庆宁,这个从小娇纵跋扈、满心依恋萧临川的公主,真的只是个一无是处的蠢货吗?
太后掌控后宫权柄数十年,庆宁在她膝下长大,耳濡目染,怎么可能是个胸无城府的白痴?只是,她过惯了被太后和萧临川捧在手心的日子,所有东西唾手可得,她自然觉得全天下的东西,都该由着自己拣选。
这样的人,又怎会甘心被人摆布命运?
自从目睹白芷吞金的那一幕,顾矜便察觉到了异常。这方世界中的每一个所谓npc,恐怕都已觉醒,都有了自己的意识。

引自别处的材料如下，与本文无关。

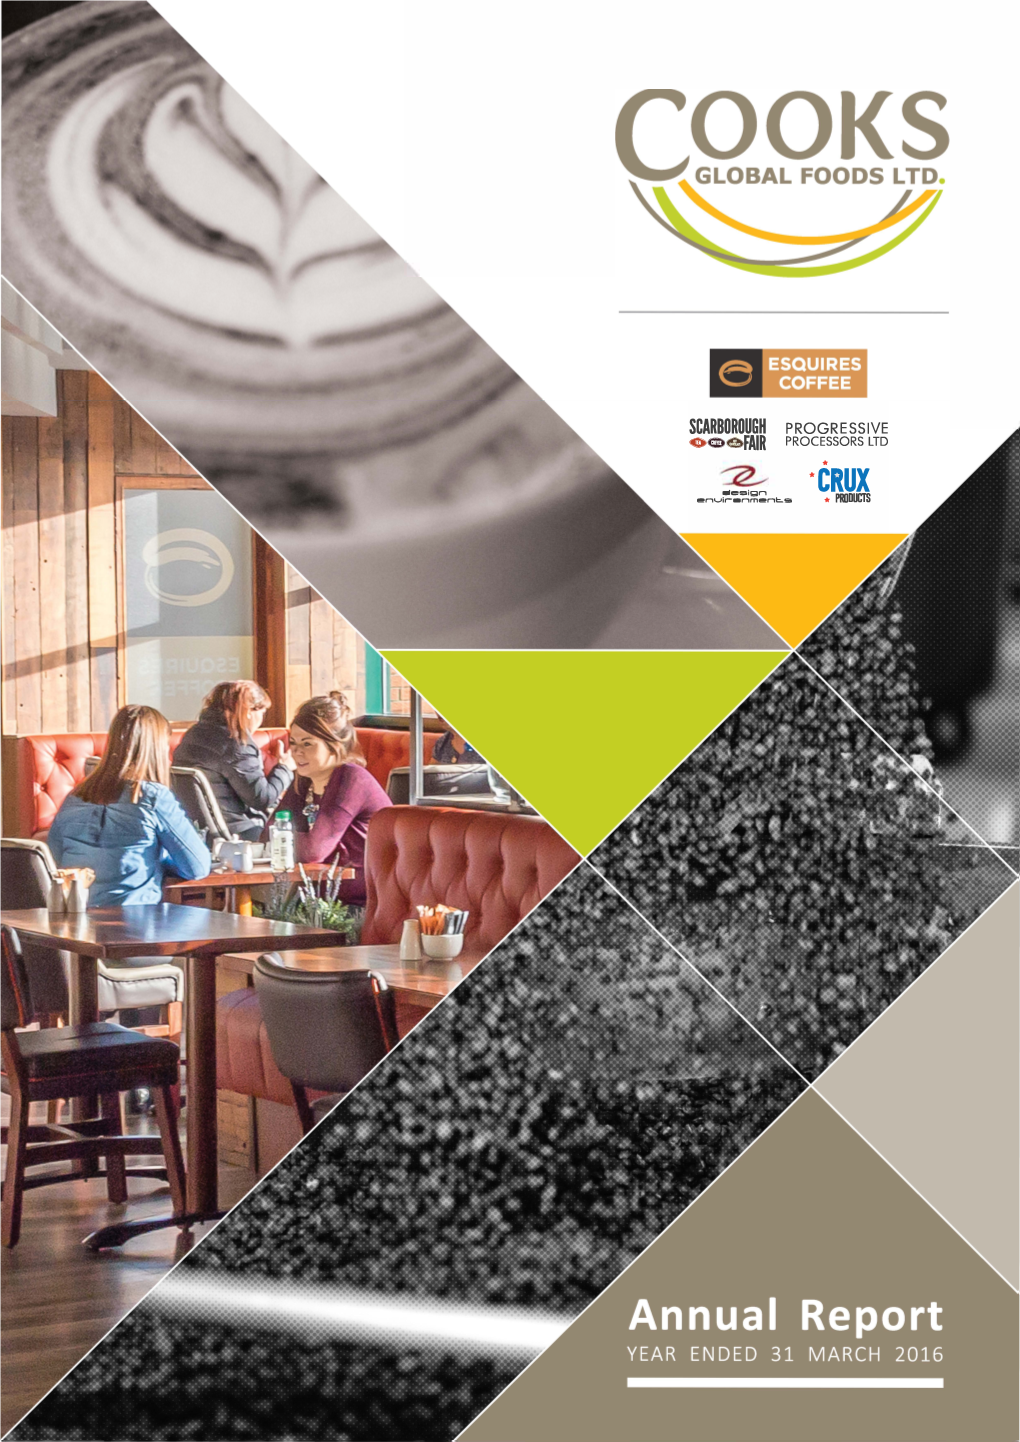 ·Crux* Piijducis Cooks Global Foods 2016 Annual Report

按照剧本,庆宁应该会在大婚当天决绝赴死,以此成全她对萧临川的痴狂与忠贞。
但现在的庆宁,真的还是那个剧本里的庆宁吗?
顾矜心中浮起一丝冷笑。王朝最尊贵的公主,若已经觉醒,又怎会甘心以这样的方式结束自己的生命?
“我不过以己度人,”顾矜抬眼,目光清澈见底,“只要风风光光地将公主送出寿康宫,至于后来发生什么,那便不是我该管的事了。”
庆宁冷哼一声,盯着眼前的茶烟:“本宫竟看走了眼,原以为你不过是个靠着狐媚手段攀龙附凤的蠢物。这一次,到底是我输了。”
顾矜执壶斟茶的手稳如静潭,碧色茶汤在青瓷盏中旋出细小的涡流:“殿下说笑了,哪来的什么输赢。”
“君恩如三月檐上雪,看着皎洁,日头一照便化了——您自幼长在宫闱,竟还信这吃人不吐骨头的九重天阙里,能养出什么真心?”
“哈哈!”
庆宁一怔,忽然低笑出声,染着丹蔻的指尖轻轻点着案上水渍:“你这是什么意思?话里话外的,莫非你和表哥这些时日的君恩深重,也只是在演戏?”